No Dragons Behind the Moat

Larsen Hall, black and white

Larsen Hall BuildingIf you're new to the Ed School, by now you've seen the unusual brick tower at the end of Appian Way called Larsen Hall and wondered what it's supposed to be. (Even if you're not new, you're still probably wondering.) Since the building first opened in 1965, it's been called everything from a concrete bunker to a genial robot, an IBM card in 3-D to a medieval castle. It's been likened to the Ronchamp Chapel in France and to the Whitney Museum in New York.

It's clear from articles written about the building and comments from those involved in the planning that the Houston-based architects, Caudill, Rowlett, and Scott, weren't necessarily trying to create a type of building — a castle or a card — but were trying to build something interesting while also being attentive to lots of needs: a city council concerned with historic preservation, faculty and programs with varied requirements, and very limited space. In a letter written to Roy Larsen in 1964 after learning that the building would be named for Larsen, the lead architect, William Caudill, wrote, "You might like to know that one of the main design premises of the building was to make it as flexible as a glass Manhattan office building, still have the feeling of permanency that will allow it to 'dwell together in unity' with other Harvard buildings, yet retain its individuality. Now if it does these things — and I think the building will — we must have anticipated that it would be called Roy Larsen Hall. Like the man, the building should be dynamic, should have a timeless quality, and should be a distinctive and distinguished individual. If not, fire the architects — after the dedication."

The architects weren't fired, and the building received many accolades over the years, particularly for some of the unusual features, such as a glass-filled sunken courtyard built with one-way mirrors that allowed researchers to observe fifth- and sixth-graders from Cambridge as they took classes. "New and stimulating," wrote one architect in The Boston Globe. "Active, ingenious," wrote the authors of Harvard: An Architectural History. In 1967, the building won an award from the Texas Society of Architects.

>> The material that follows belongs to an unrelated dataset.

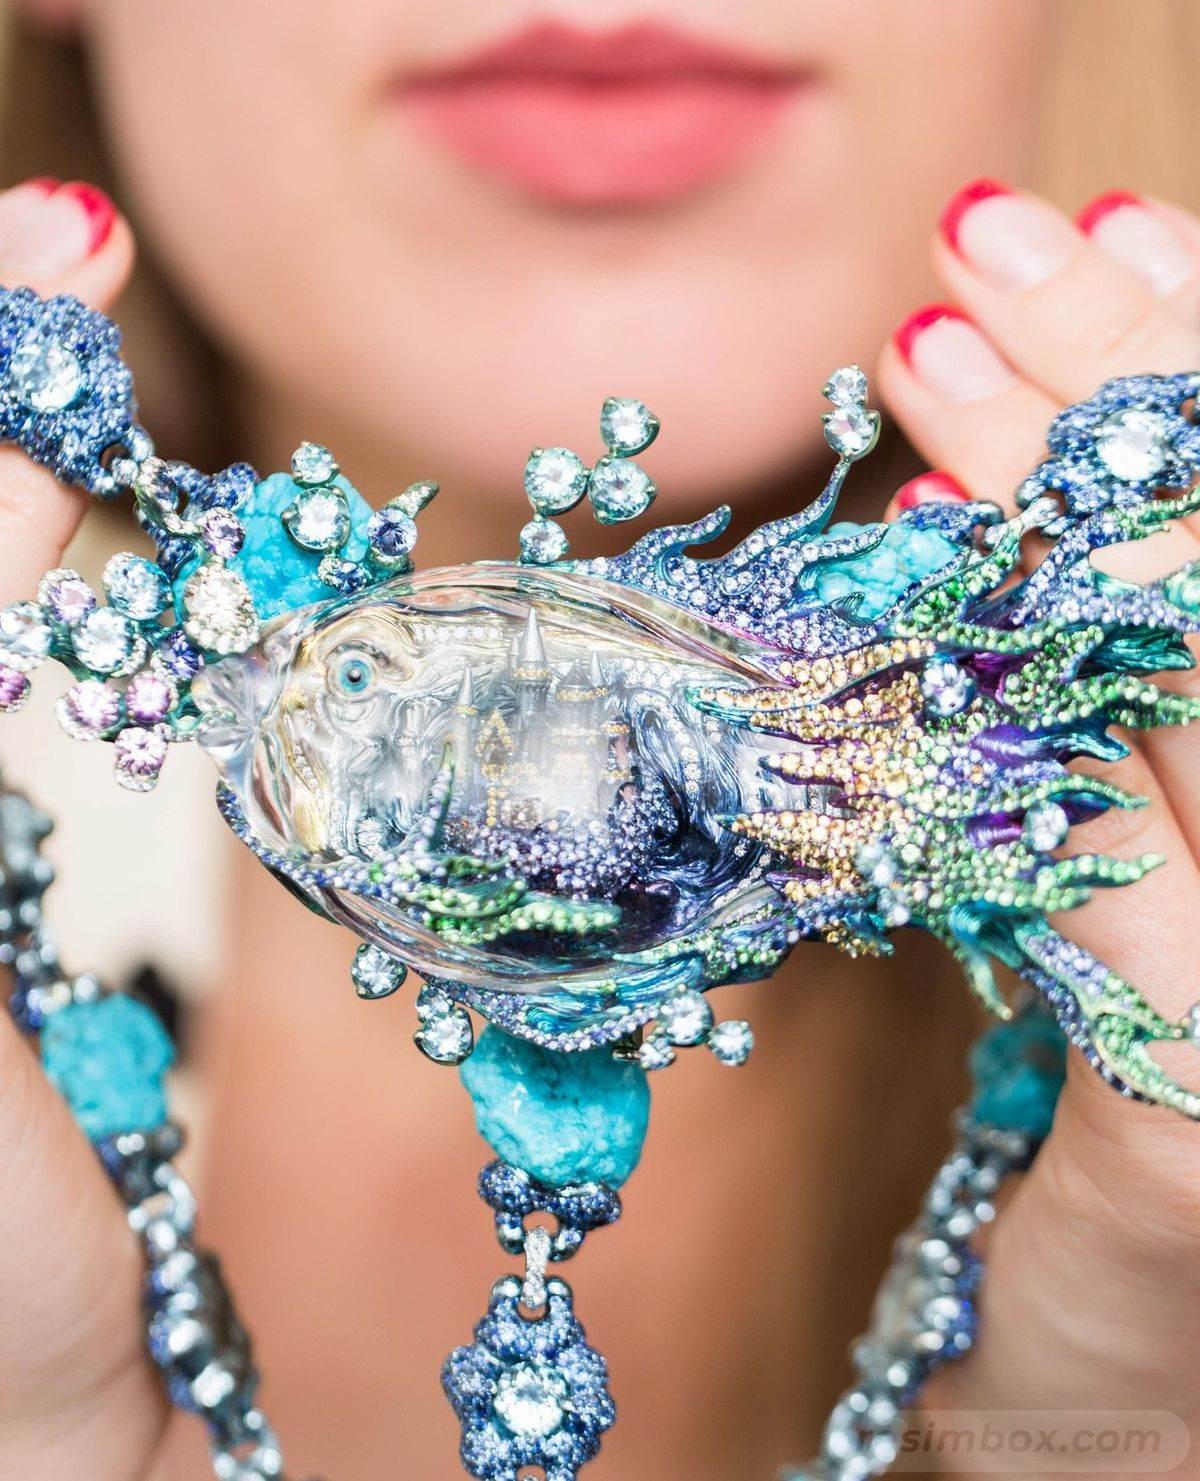 gemologue-animal-jewelry-curation-141652350766279126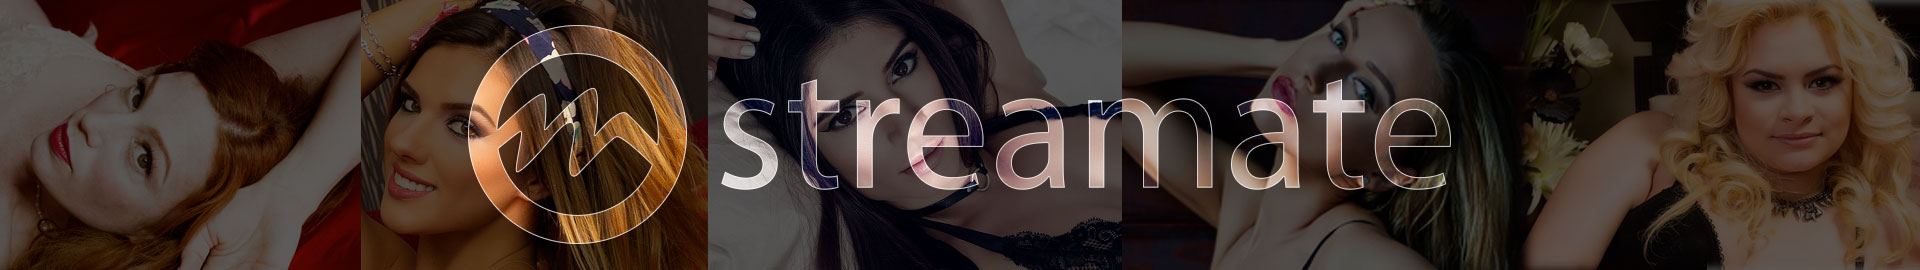 Streamate Models

But there was also criticism of the building's quirkiness. Windows were few and far between, in part because the architects wanted to draw the eye to a small number of stunning views. Which they did — at the expense of natural light (very little) and windowless offices (very many). Interestingly, more windows were added on the street side after the Harvard Corporation threatened in 1963 to veto the original design.

Interior space also became an issue. One of the design intentions was to make the space as flexible as possible by placing all of the immovable building parts — ventilation shafts and stairs, for example — along the outer walls, leaving center areas open and allowing inner walls to be moved as needs changed. But, as James Ackerman, then-chair of Harvard's Fine Arts Department, wrote in 1965 in Connections, spaces were eventually subdivided using fixed materials. Part of the problem, he wrote, was the committee approach to building a building. "Without an autocrat," Ackerman wrote, "everyone gets more or less what he wants, and that makes chaos."

It seems that Caudill had a sense of humor about the criticism, saying at the dedication ceremony in 1966, "The new structure may have a strange form, but it will wear a familiar Harvard tweed." And finally, "What's wrong with castles?"